Макар Троичанин - Корни и побеги (Изгой). Роман. Книга 1 Страница 49
Макар Троичанин - Корни и побеги (Изгой). Роман. Книга 1 читать онлайн бесплатно
- А вот и Владимир! – встретил его Марлен, суетясь у стола, за которым уже сидели Сергей со Славой.
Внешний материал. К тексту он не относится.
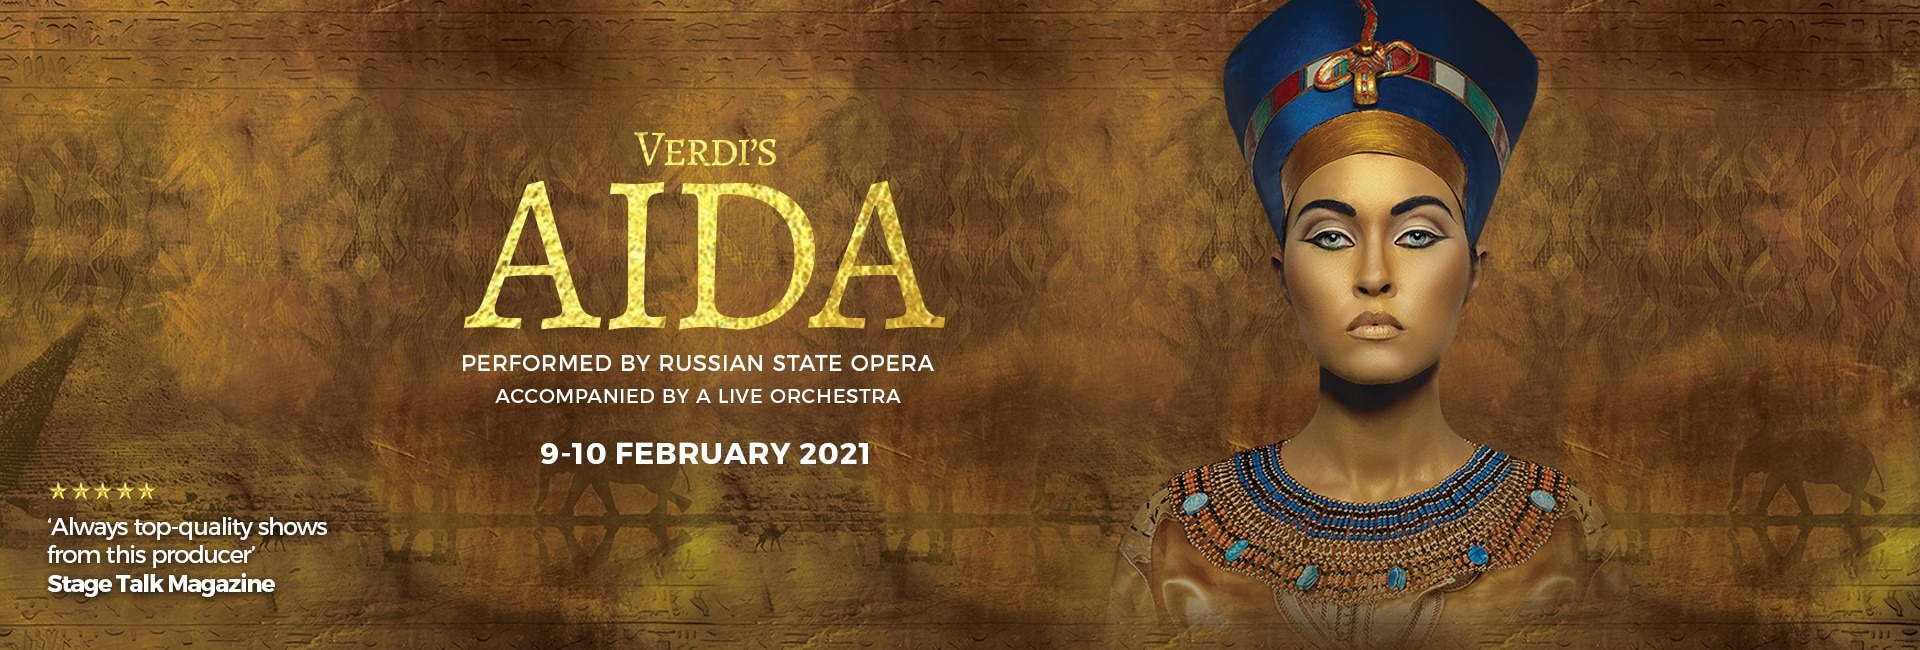 Verdi’s Aida - Coming Soon in UAE

В одной из кружек чернел заваренный чай, вокруг были навалены галеты, сахар кусками, яблоки, около Сергея – опять надломанная плитка шоколада, стояли всё те же жестяные кружки, а из открытой фляги поднимался еле видимый парок.
- Попьём чайку и по русскому обычаю – на боковую.
Марусин поднял флягу и стал разливать кипяток по кружкам.
- Кто как хочет, - разрешил он, - кто вприкуску, кто внакладку, кто вприглядку, навались!
Кружка обжигала руки, и Вилли, взяв её, тут же поставил.
- Что, тяжёлая? – рассмеялся Слава.
Остальные, перебирая руками, уже тянули, хлюпая, густо заправленный заваркой кипяток: Марлен – внакладку, Слава – вприкуску, Сергей – с шоколадом. Для Вилли чай не был привычным напитком, тем более такой горячий да ещё в железной кружке. Не желая, чтобы это увидели, он снова самоотверженно ухватил кружку и, обжигаясь, со слезами на глазах, пытался отхлёбывать, забыв о сахаре.
- Бери сахар, Володя, - позаботился Марусин.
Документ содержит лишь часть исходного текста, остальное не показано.